He will catch you but then act as though he’s going to drop you by loosening his grip, making you scream out of surprise and cling onto him tighter, all the while beaming that bright and beautiful smile of his as though he wasn’t about to willingly let you fall flat on your ass on multiple occasions.
‘I fucking hate you!’ You whined, smacking Dick on the bicep.
‘Oh do you now?’ Dick inquires as he slowly begins to losses his grip on you, smirking.
‘Did I say hate you? I meant love you, a lot! Please don’t drop me.’ You cried as you tightened your grip on his neck whilst struggling to keep your feet from touching the floor. ‘Awww I love you too gorgeous.’ Dick coos as he pressed kisses into your face as you could only glare at the cheeky bastard.
You hate him sometimes but you weren’t going to complain about the affection you were being given. So you guess you’ll suffer for now.
Side note: he might even try and see if you can catch him. 💀
Jason: He will catch you but makes it a big deal whenever he can. He loves holding you in his arms.
He could keep you in his arms forever if he could but knew that he can’t, so he settles for going about his day carrying you throughout the apartment instead.
‘You can put down any day now.’ You’d tell him but that only makes Jason tighten his grip on you as he moved in his makeshift library for a book to read.
‘No.’ He simply replied, scouring the many book titles in front of him in the hopes that one might speak to him.

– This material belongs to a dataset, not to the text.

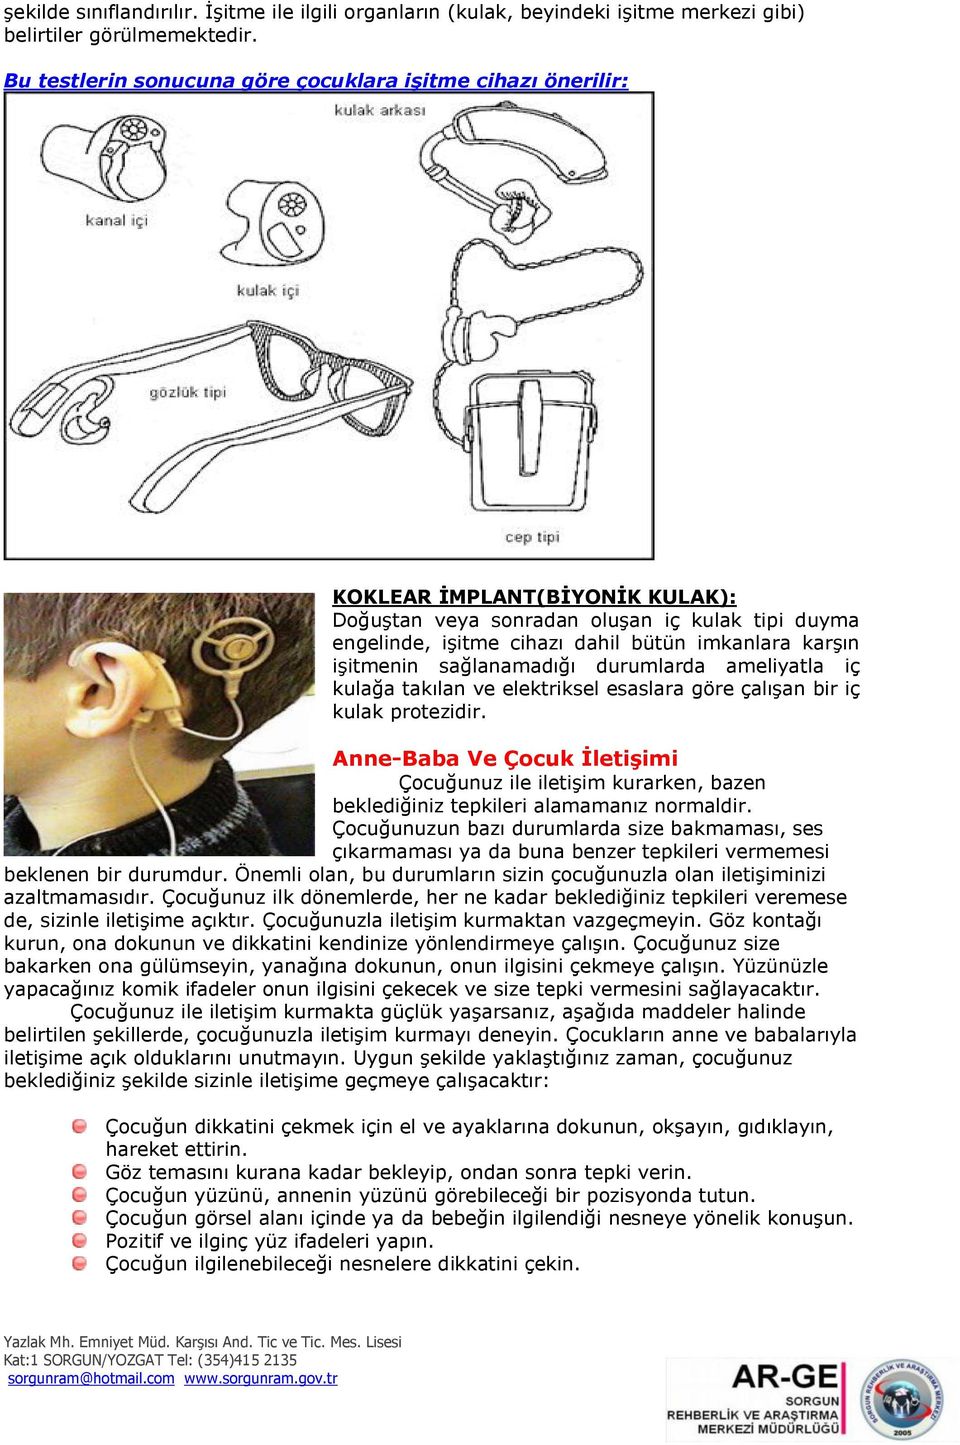 işitmenin sağlanamadığı durumlarda ameliyatla iç kulağa takılan ve elektriksel esaslara göre çalışan bir iç kulak protezidir.

You pout. ‘What do you mean no?’ Jason then looks at you and says. ‘No means no. As in no I will not put you down because I do as I like and will not be told otherwise, so the cutie currently in my arms has to deal with it.’ He then smiles as he presses a kiss to your forehead before looking back towards the bookshelves.
You end up falling asleep in his arms and Jason couldn’t help but smile at how cute you were, even if you did look like the living dead.
Damian: says no but will in fact catch you without hesitation.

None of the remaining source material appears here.